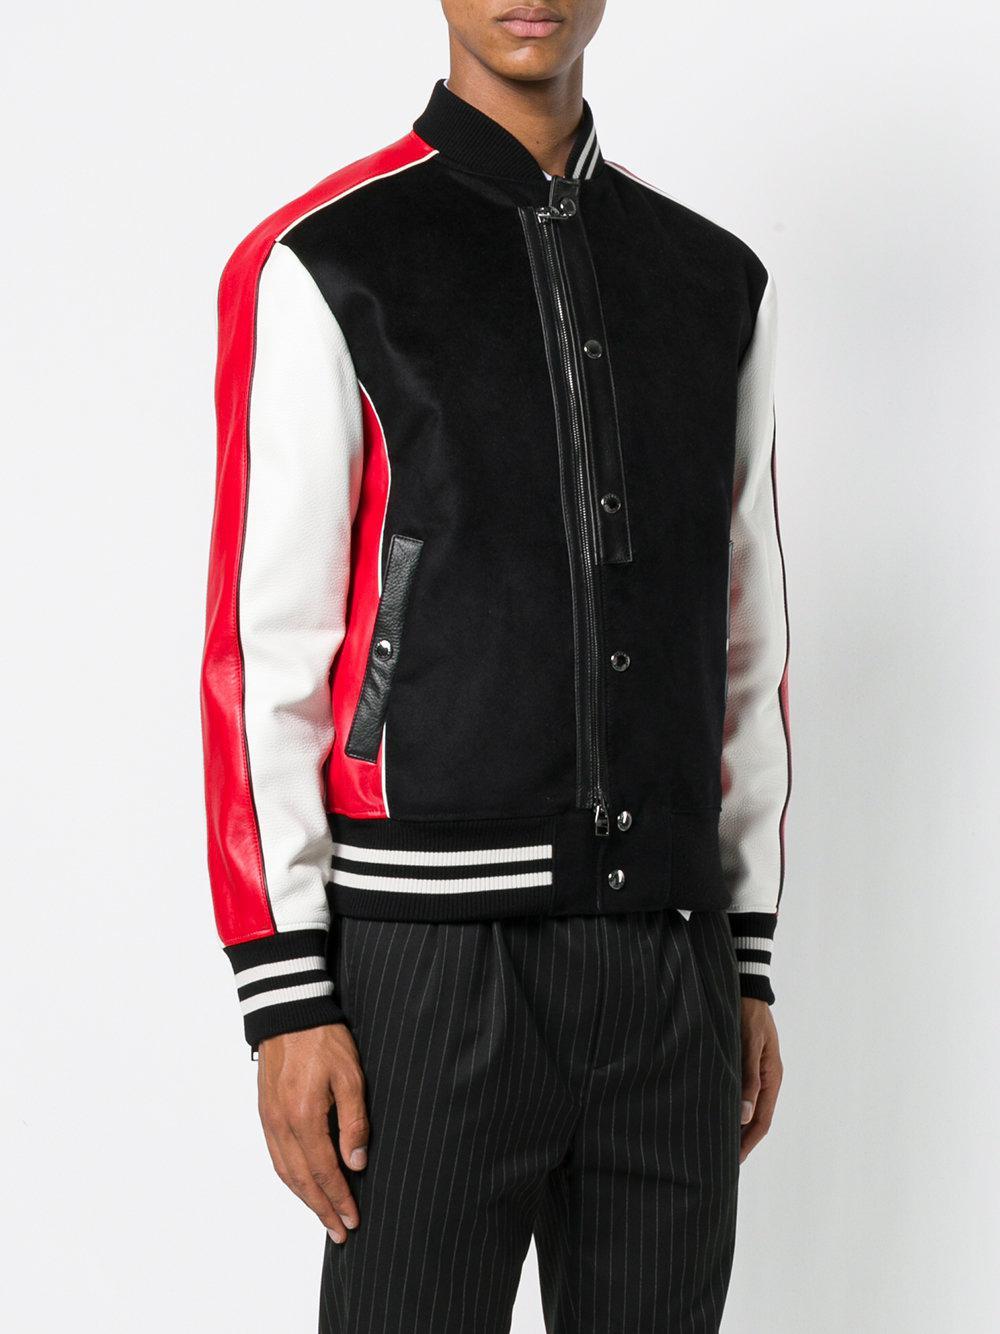 Alexander McQueen Wool Button-up Bomber Jacket in Black for Men
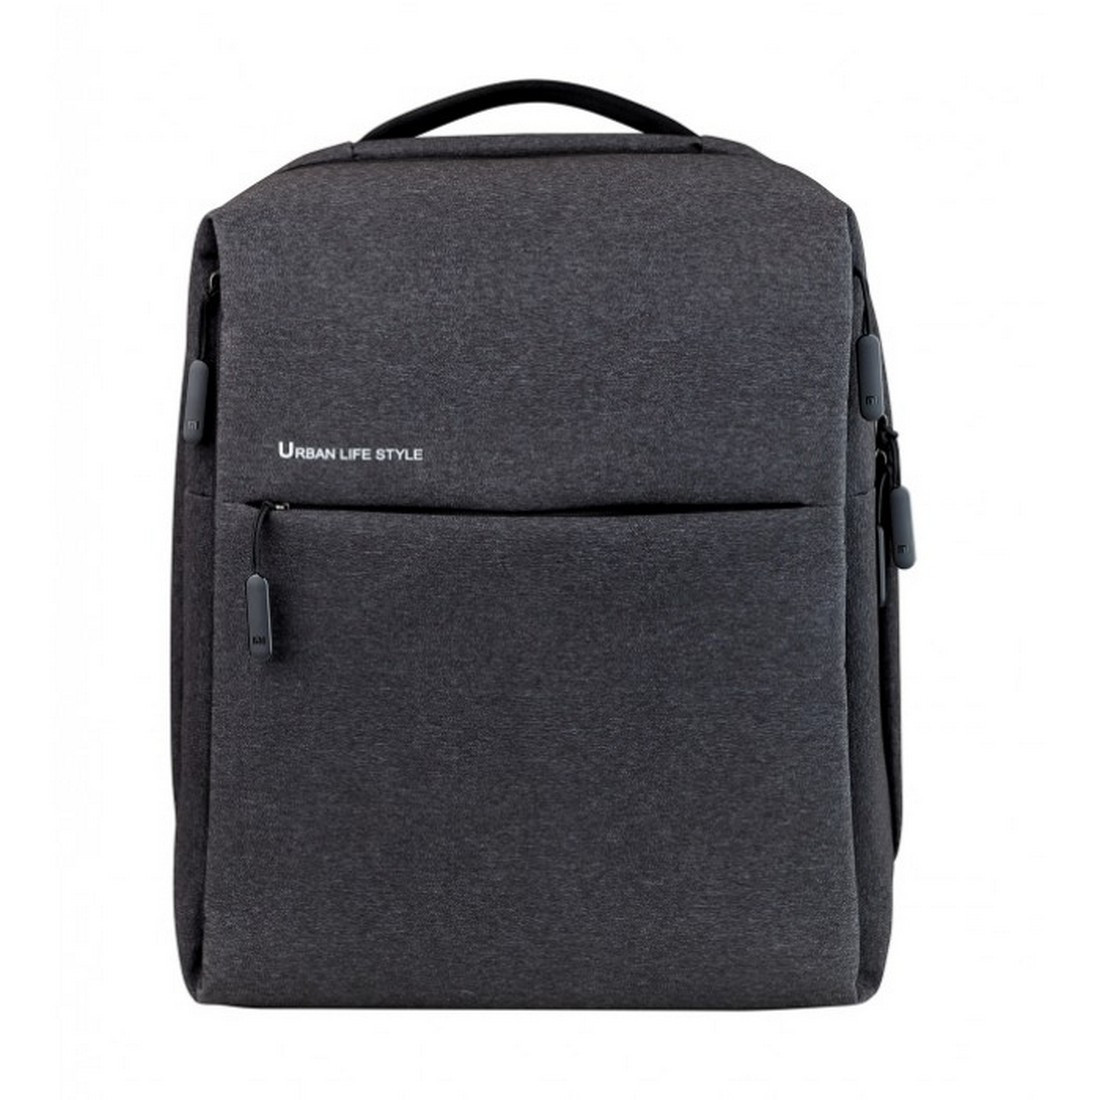 Рюкзак для ноутбука, Xiaomi, Mi City (Urban) Backpack ZTB4027СN/ZJB4067GL, 39*30*14 см
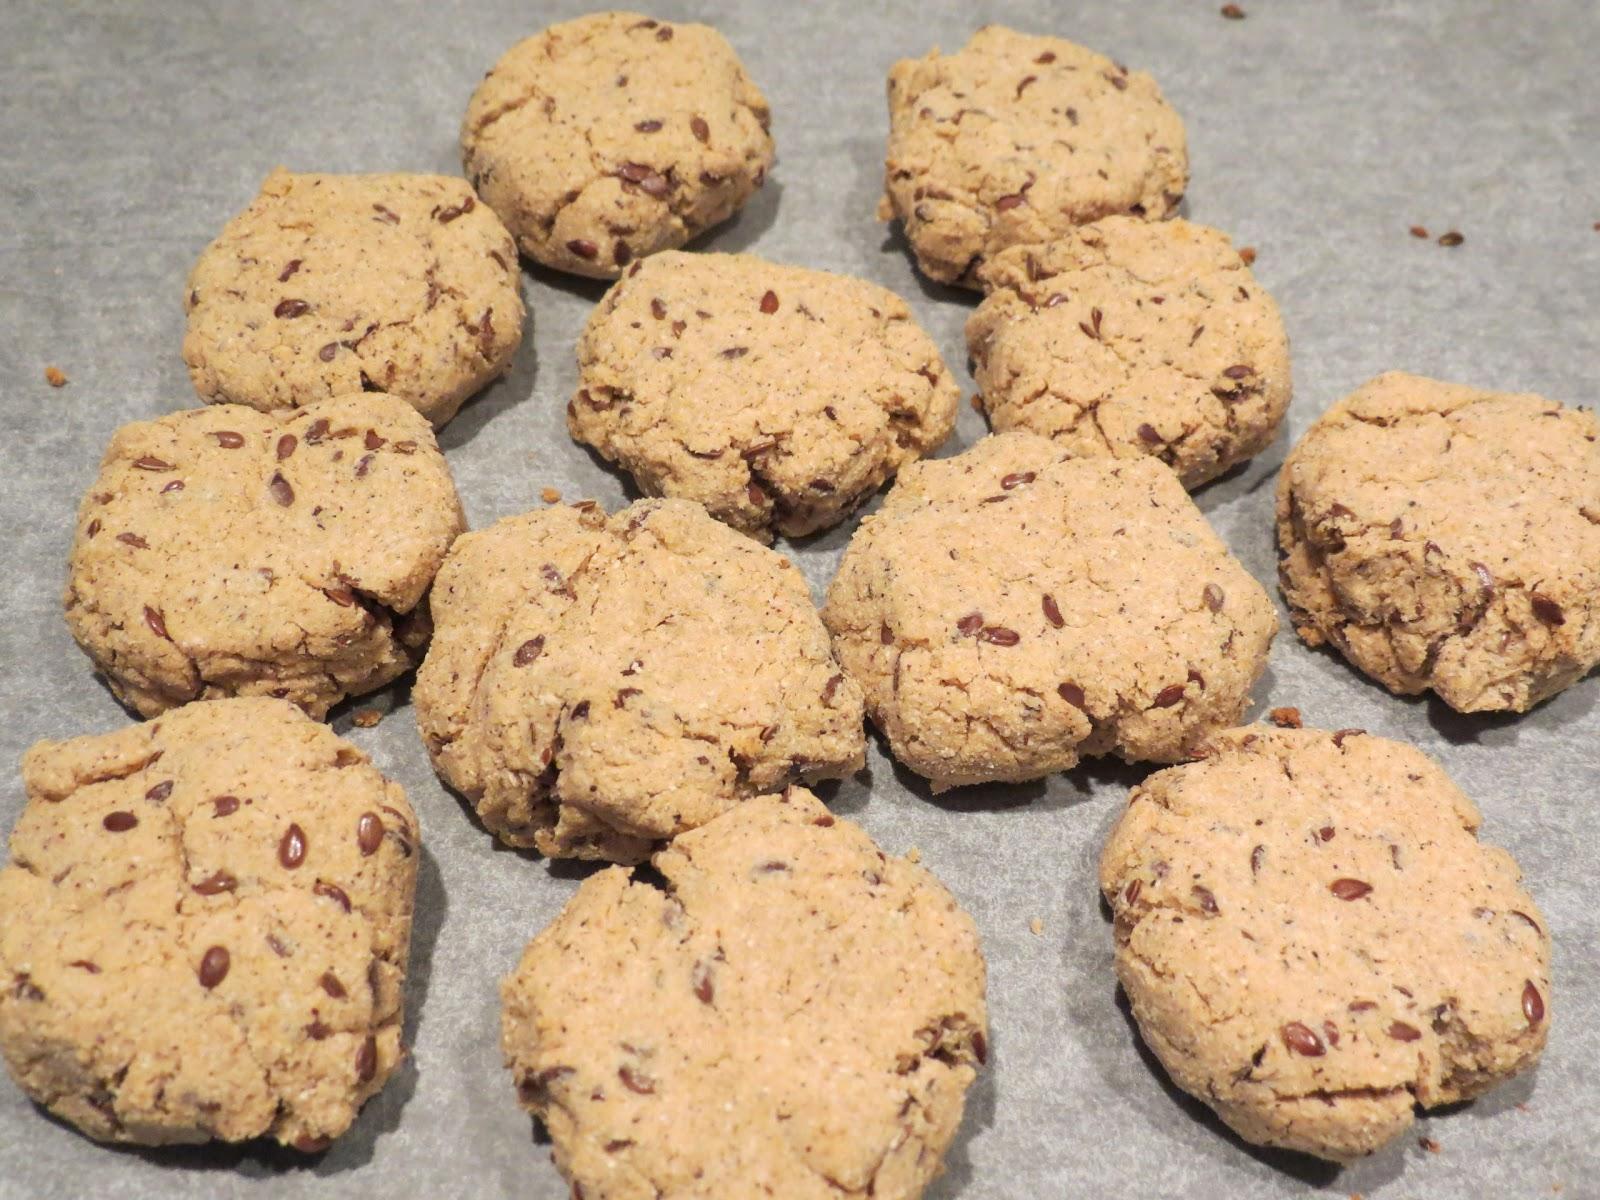 Cookies recept utan ägg

BRIEF:
Word for word, return the material above; the pictures stay out.

EXERCISE RESULT:
 Alexander McQueen Wool Button-up Bomber Jacket in Black for Men
 Рюкзак для ноутбука, Xiaomi, Mi City (Urban) Backpack ZTB4027СN/ZJB4067GL, 39*30*14 см
 Cookies recept utan ägg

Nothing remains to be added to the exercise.